Book Review: Learning Stencyl 3.x Game Development - Beginner's Guide

I was given a review copy of Learning Stencyl 3.x Game Development: Beginner’s Guide. Before jumping into the details of my review, I’ll say I found the book to be an enjoyable read. I learned a lot and I can safely say this will be my go-to resource for my students when they are learning to make games with Stencyl.

Right away I was glad to see Joe Dolivo’s name in the list of reviewers for the book’s content. When I started programming with Stencyl almost two years ago, I contacted the Stencyl team to ask about classroom resources. I liked the promise of Stencyl, but I was having difficulty learning to create some simple classroom games. They directed me to Joe as someone who knows the program and knows education. He pointed out a few online resources and also told me this book was in the works. With Jonathan Chung, Stencyl’s creator, writing the forward and Joe Dolivo as part of the writing process, I knew the book’s author was writing with authority.

The book provides a great overview of Stencyl, leaving the reader with an excellent idea of what to expect from this game creation tool. Beyond that, most of the ten chapters are a step by step walk-through of creating a platform game called Monkey Run. Instead of progressing through the menus, tools or other features, it takes us through the stages of game development. Anyone who works through those chapters will have created a playable computer game.
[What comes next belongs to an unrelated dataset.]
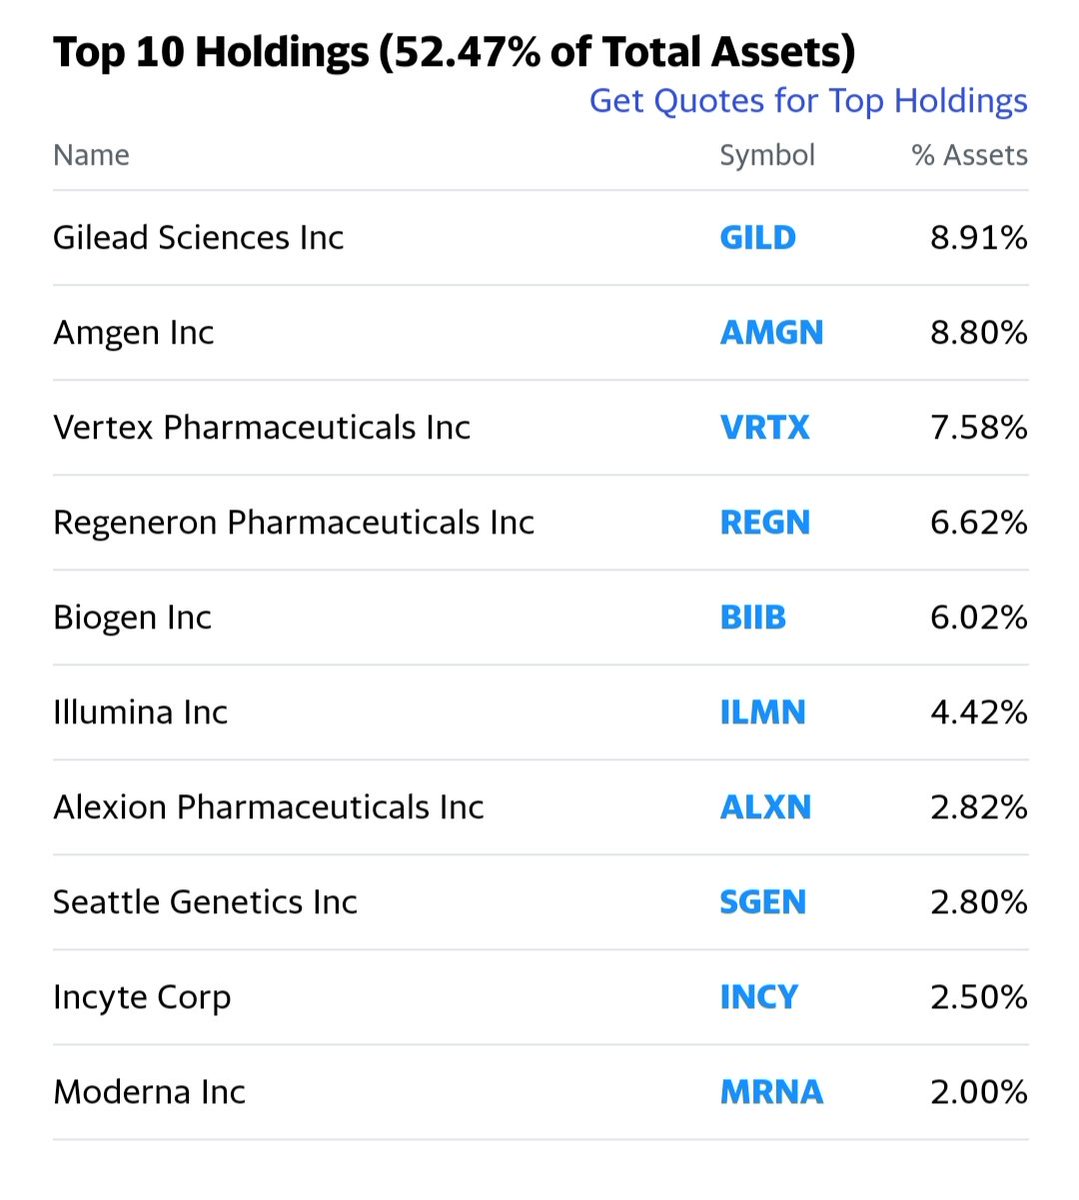 Emhoff has up to $15,000 invested in a iShares Nasdaq Biotechnology fund, with notable holdings including Gilead Sciences, Amgen, and Biogen.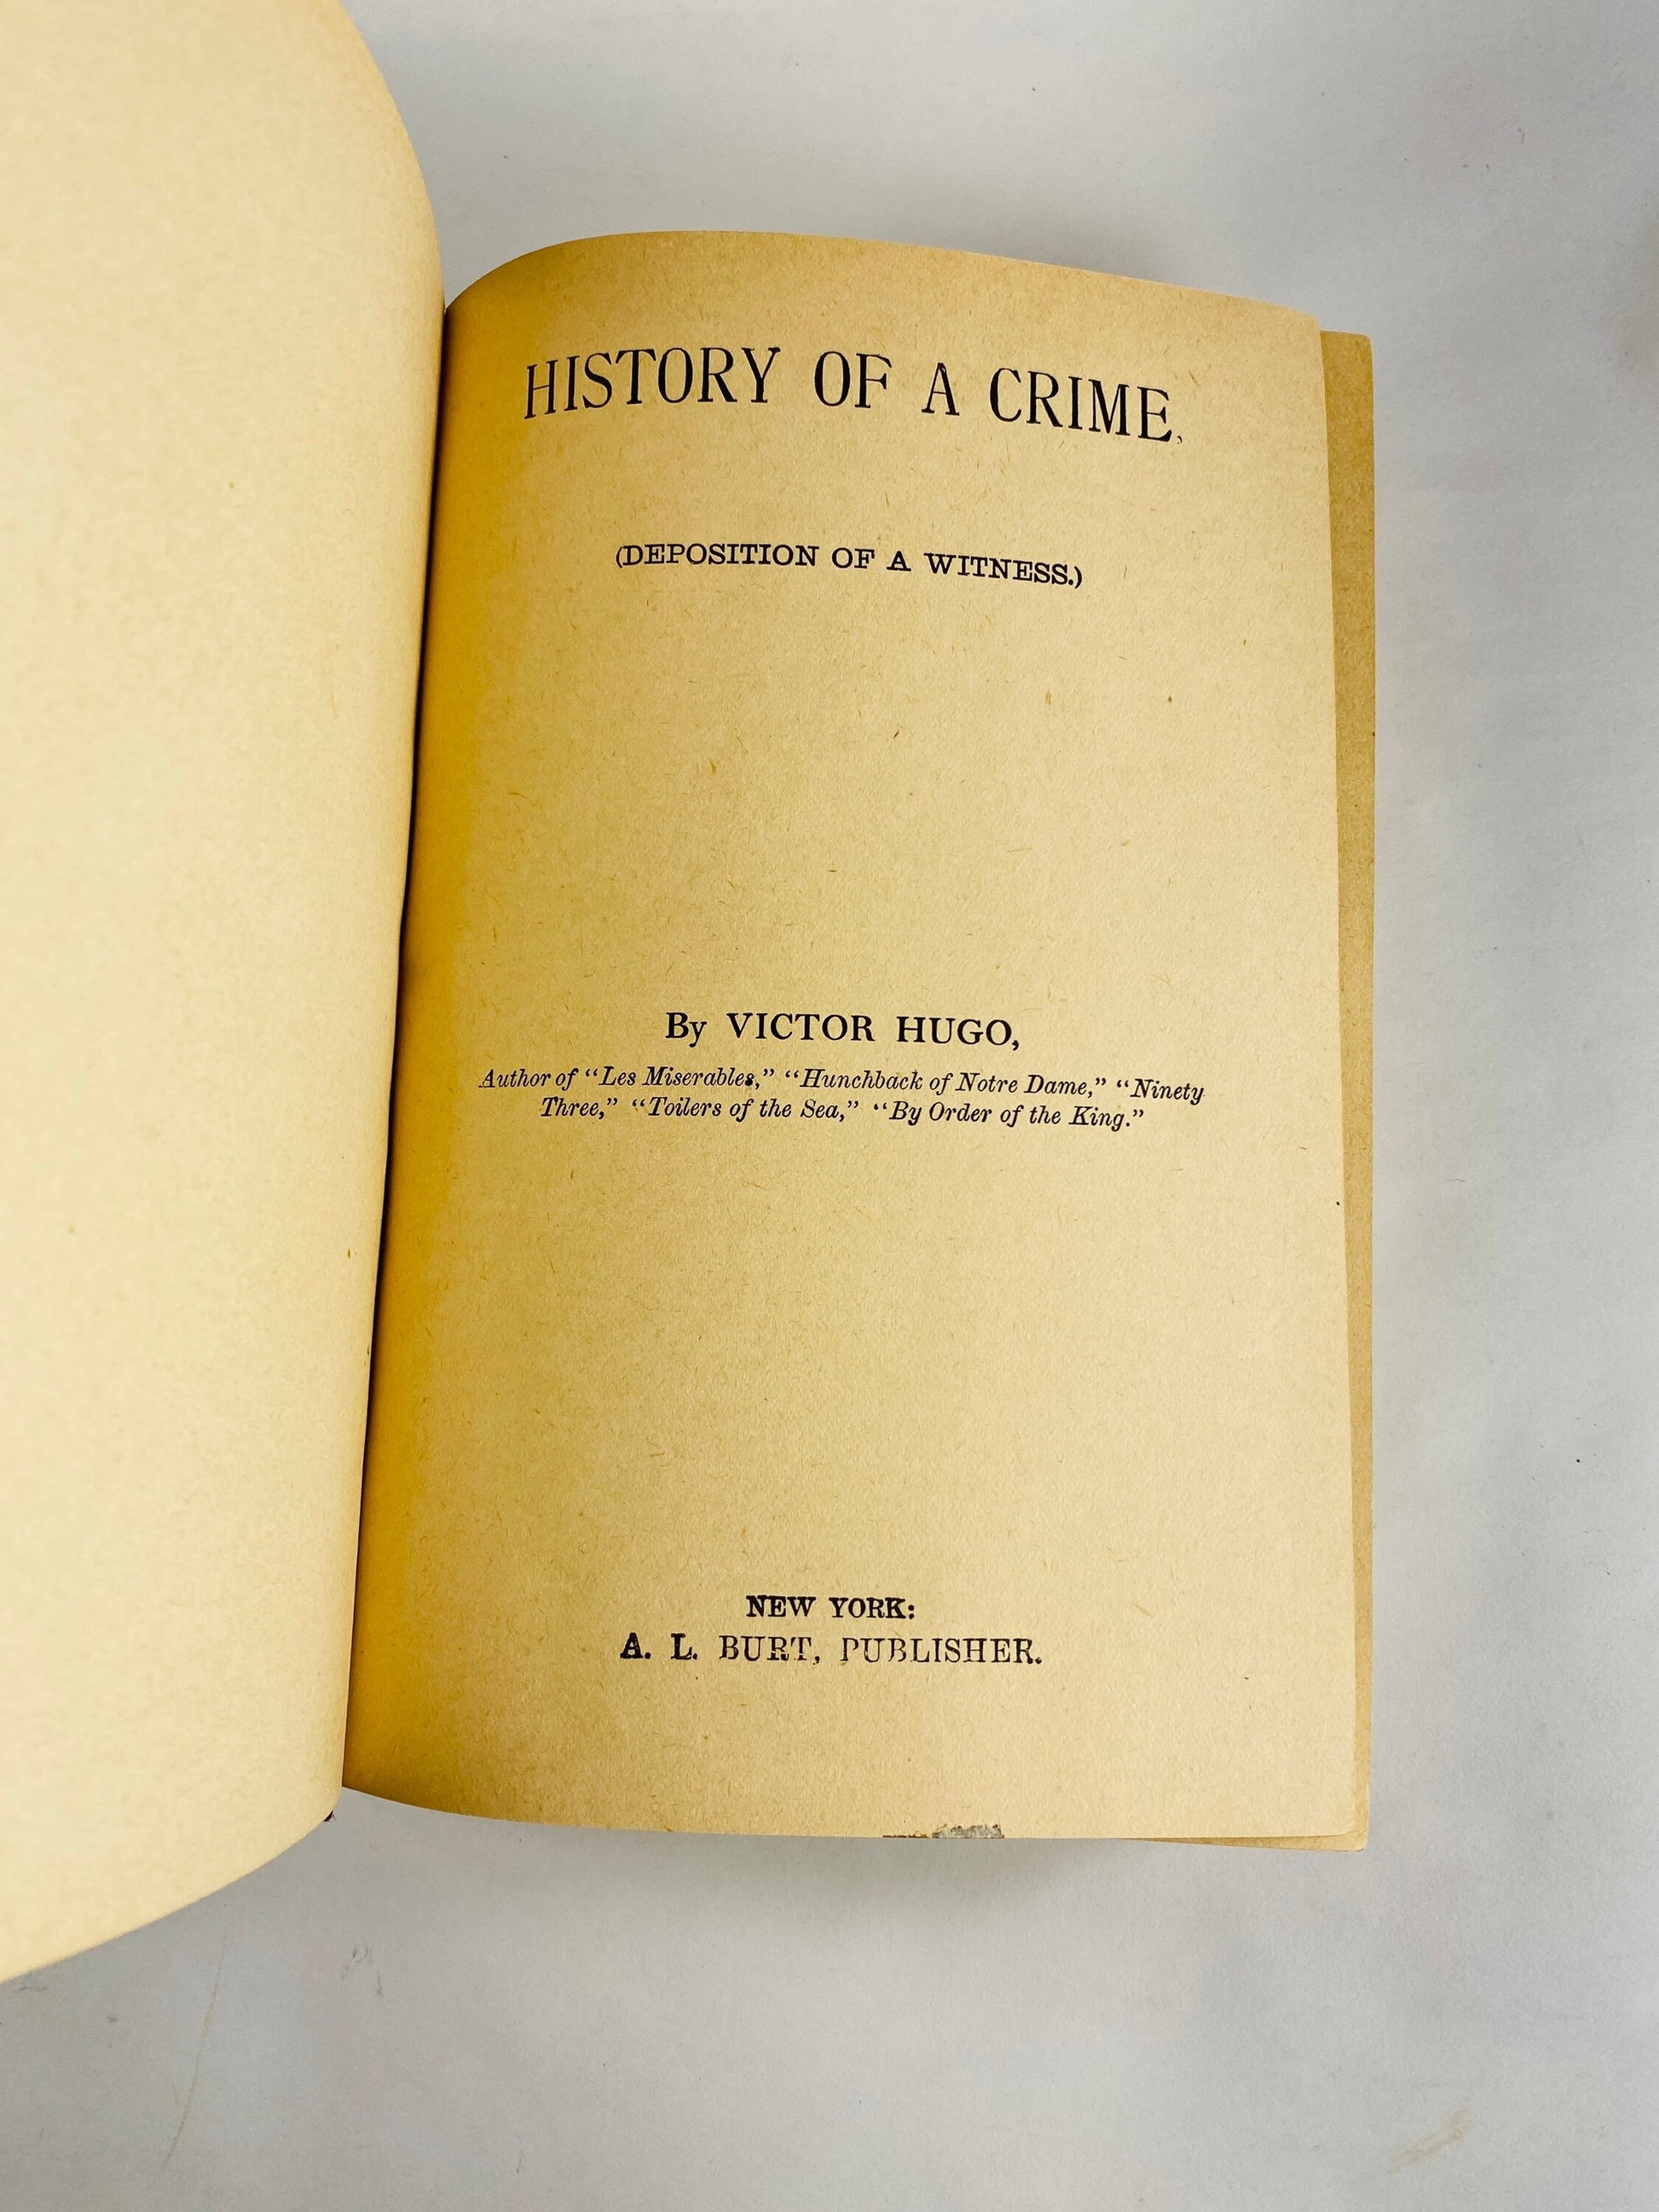 1900 History of a Crime by Victor Hugo author of Les Miserables vintage book EARLY American PRINTING Red bookshelf decor.

What more could a beginning game designer ask for?

Now, as I mentioned above, I had trouble getting started with Stencyl and I didn’t have much luck with the online tutorials. (I wrote about my early experiences and conclusions in this post.) I can say without question Learning Stencyl 3.x Game Development is a vast improvement over those resources. The writing is very clear. I really like how each stage starts with a brief overview of what we’ll accomplish with the game, then it goes right into a step by step explanation of how to actually make it happen using Stencyl’s tools such as actors, behaviors and blocks.

I was very pleased with these explanations, but I think the best sections are the “What just happened?” segments that follow them. As an educator, I know students want to jump right into the doing. They’re not big on reading paragraph after paragraph of the overall concept and plan.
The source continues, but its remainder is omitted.